Hardline groups that agitated to remove Christian governor hold major rally in Jakarta

Jakarta's Christian governor Basuki Tjahaja Purnama, popularly known as Ahok, speaks to his lawyers after the guilty verdict in his blasphemy trial in Jakarta on May 9, 2017.Reuters/Bay Ismoyo/Pool

Tens of thousands of Indonesian Muslims held a rally in Jakarta on Sunday led by hardline groups who had agitated to remove the city's Christian governor, underscoring the growing influence of Islamist groups ahead of elections in 2019.

The rally was attended by former general, Prabowo Subianto, a nationalist with strong links to Islamists who is seeking to topple President Joko Widodo in next year's polls after being narrowly defeated in 2014 during a bitterly fought campaign.

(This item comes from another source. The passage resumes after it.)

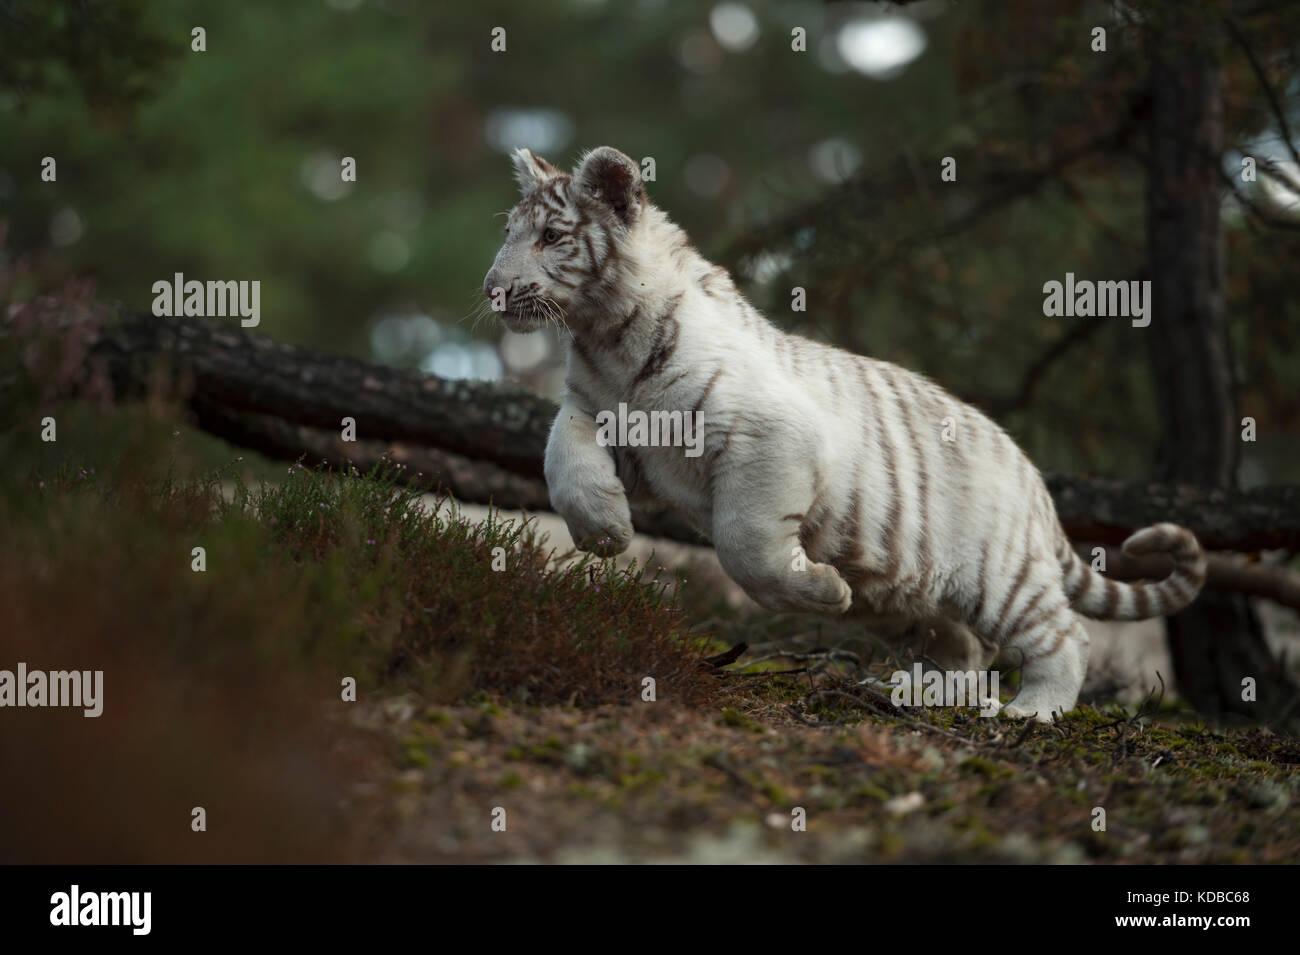 Royal Bengal Tiger / Koenigstiger ( Panthera tigris ), white morph, jumping through the scrub of a natural forest, - Stock Image

The crowd, many of whom were dressed in white and carrying Islamic flags, started gathering at Jakarta's National Monument from around 3 a.m. to hold prayers.

"We are proud because the Islam in Indonesia is Islam that unifies and is united and will maintain peace for everyone," Subianto said in a speech.

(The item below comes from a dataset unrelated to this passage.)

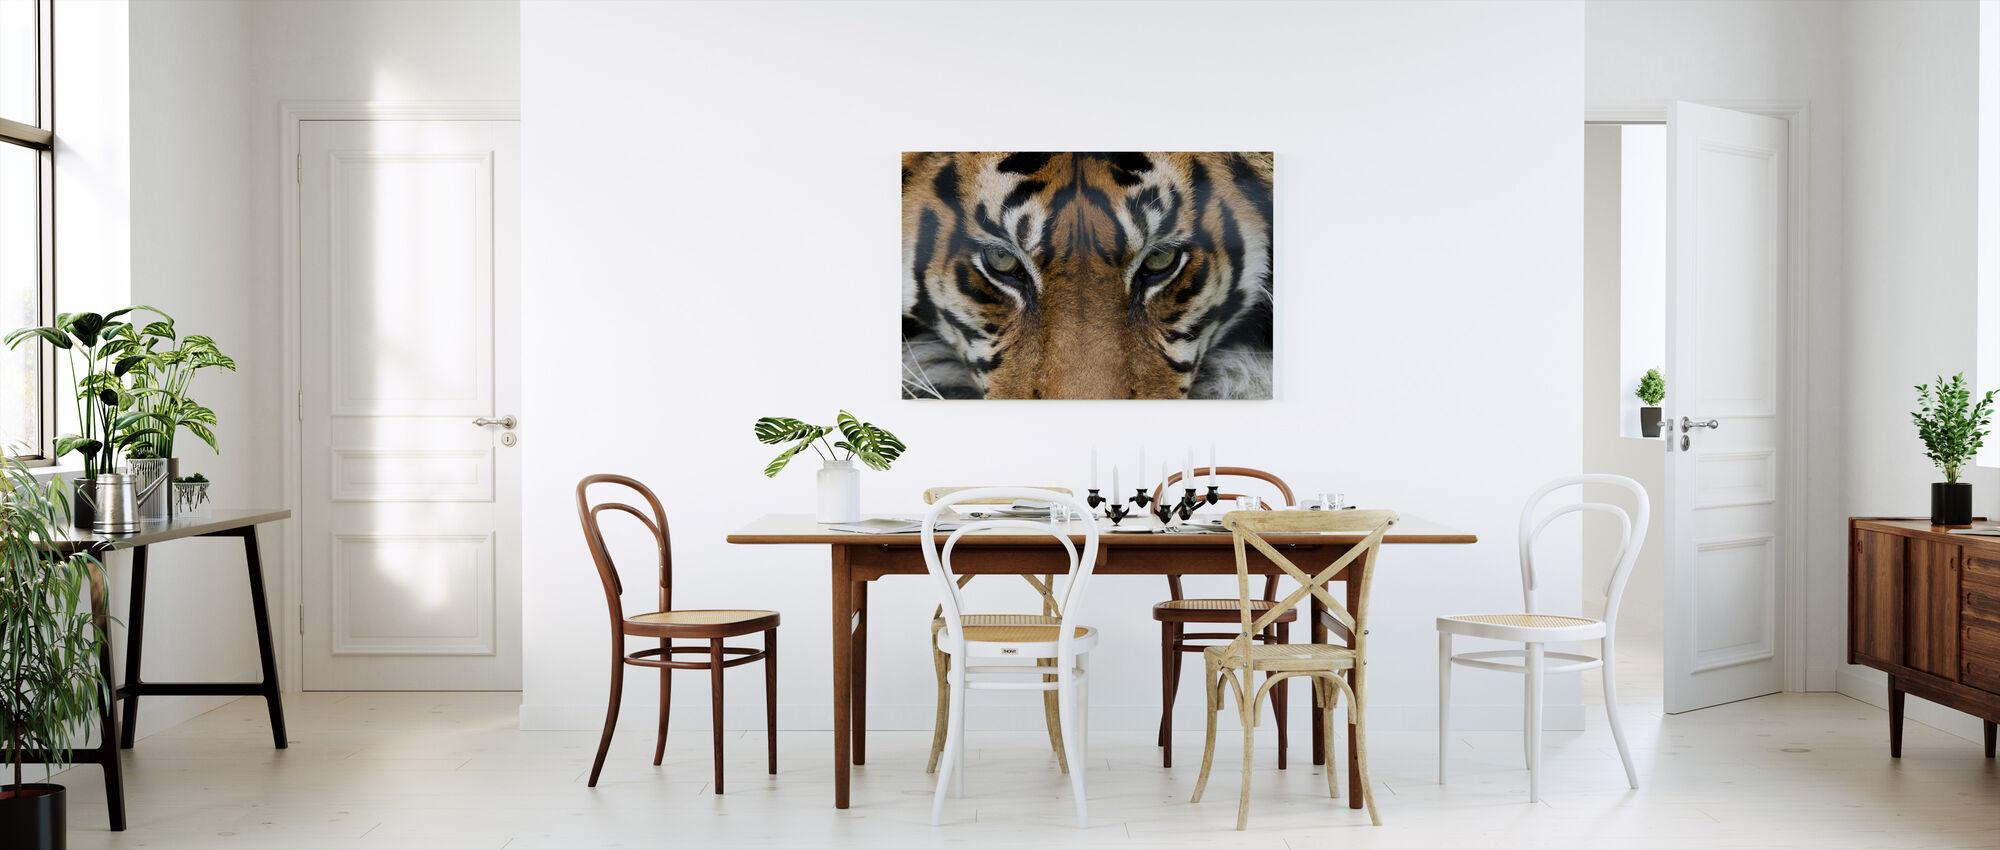 Tigerns öga - Canvastavla - Kök

Thousands of police had been put on standby but the rally was peaceful.

Organizers call their movement a "reunion" for a series of rallies starting in late 2016 that targeted Jakarta governor Basuki Tjahaja Purnama, the first ethnic-Chinese Christian in the job, who was charged with insulting the Koran.

Religious and political tensions spiraled during this period and then governor Purnama, an ally of President Widodo, lost his bid for re-election to a Muslim rival and was later sentenced to two years in jail for blasphemy.

Hardline Islamist groups were banned under the authoritarian regime of President Suharto, which ended in 1998, but they have gained ground in recent years, emerging from the fringes of society in the world's biggest Muslim-majority country.

Widodo, who is a popular moderate, has chosen a 75-year-old Islamic cleric, Ma'ruf Amin, as his running mate in next year's election, sparking concern among some that he is pandering to conservative Muslims in a pluralist country with significant minority communities.